PROOF team members are also working with experts on the process of getting the tests reimbursed by provincial health-care plans, and with diagnostic companies and laboratories to get the technology right for the clinical lab setting.
"We're very solution-oriented for patients," Dr. McManus says.
Within two and a half years, Dr. McManus predicts, at least one of these biomarker blood tests will be approved and ready for use in clinics across Canada.
The PROOF team is also working on biomarker tests to distinguish between two types of chronic heart failure – diastolic failure, when the heart can't fill with blood, from systolic failure, when the heart can't pump enough blood. The conditions require different treatments, but are difficult to diagnose without ultrasounds. Blood tests would make it easier for doctors to manage patients even from remote distances where ultrasounds are more difficult to obtain.

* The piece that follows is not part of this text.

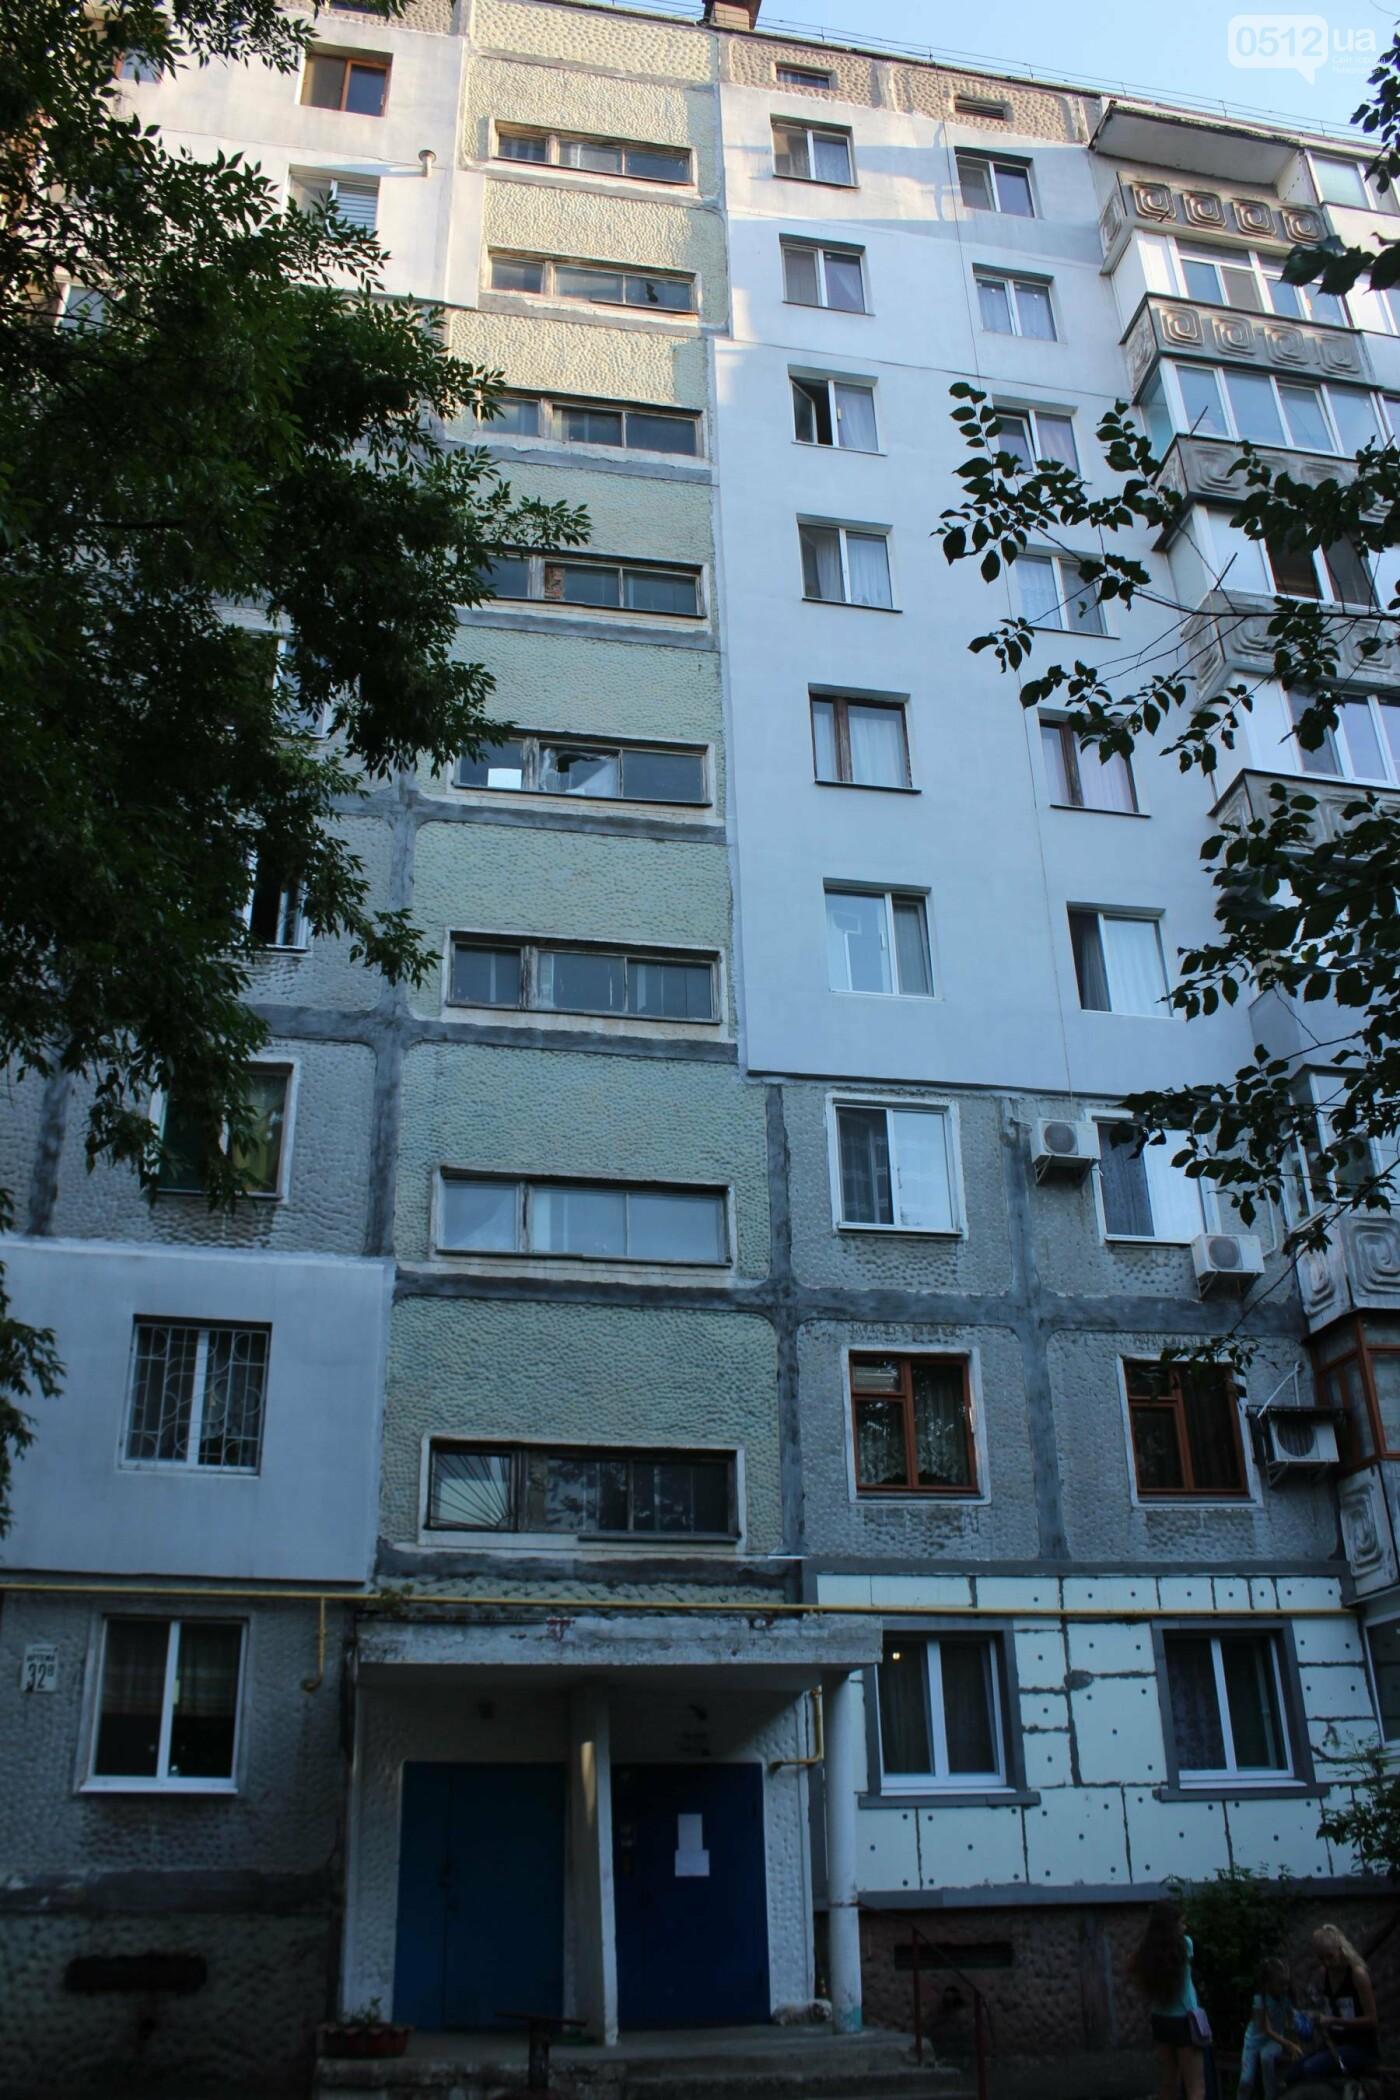 Поломанный лифт в многоэтажном доме Николаева ремонтируют уже 2 месяца, - ФОТО, ВИДЕО, фото-1

Another form of heart failure, called acute heart failure, would also be easier to manage with a biomarker blood test, which PROOF is working on to help doctors decide whether their patients need a mechanical assistive device to treat that condition.
Once Dr. McManus and the PROOF team have brought their first biomarker tests to market, it will be faster and easier to bring the subsequent ones to clinics, he says.
"Every major biomarker study we do makes the likelihood of success in the next one – regardless of disease – more likely," he says.
"It's about increasing patient comfort, reducing cost, reducing risks and improving the quality of the diagnosis."